• _Data provided_:
···

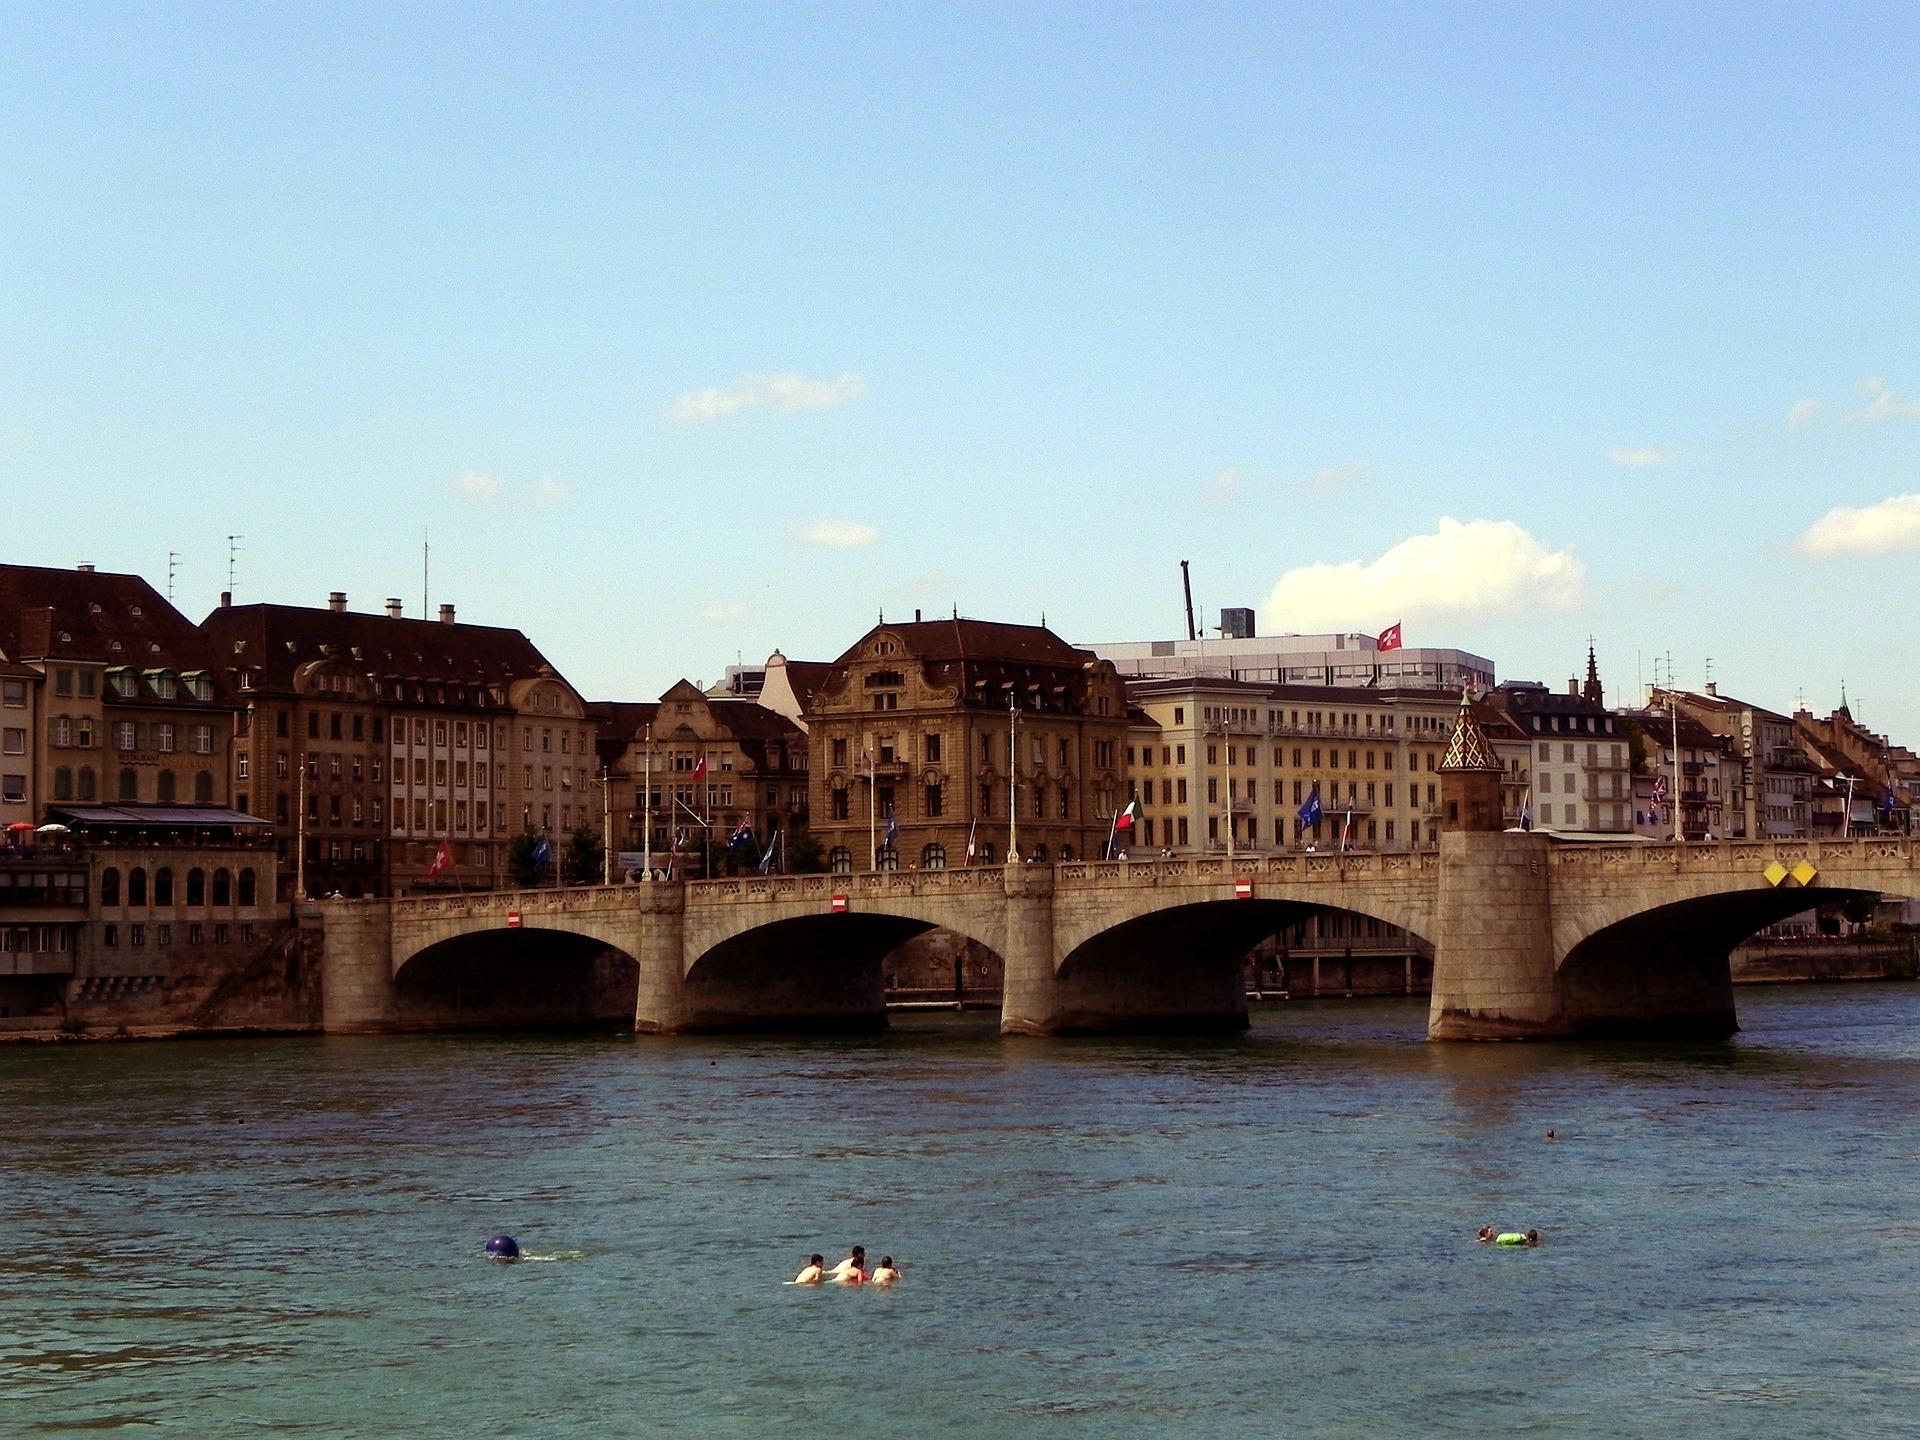 Wochenende in Basel
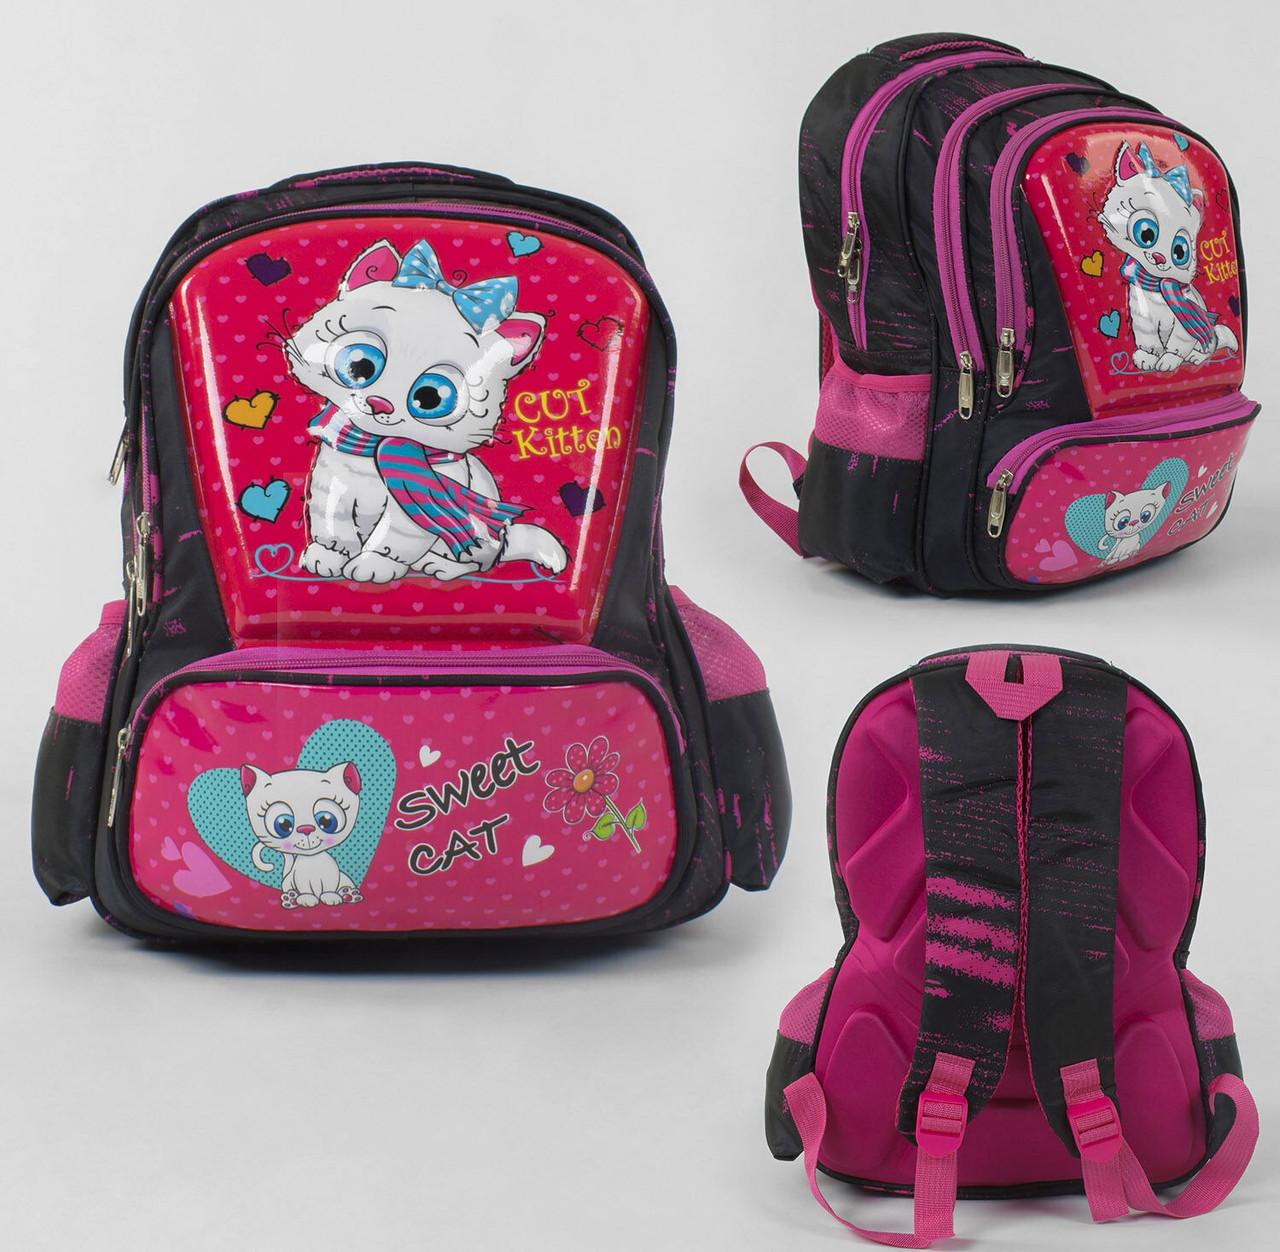 + Подарок Рюкзак школьный 3D принт, 1 отделение, 3 кармана, массажная спинка, в пакете.
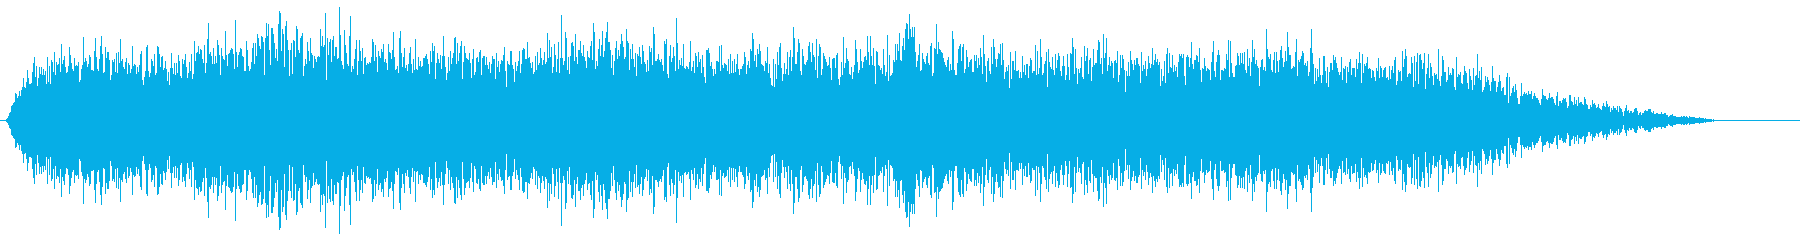 ローエンドのきらめき、相を持つベッ...の再生済みの波形

···

• _Problem requirements_: Line for line, restate the data above and omit every picture.

• _Response to this exercise_:
 Wochenende in Basel
 + Подарок Рюкзак школьный 3D принт, 1 отделение, 3 кармана, массажная спинка, в пакете.
 ローエンドのきらめき、相を持つベッ...の再生済みの波形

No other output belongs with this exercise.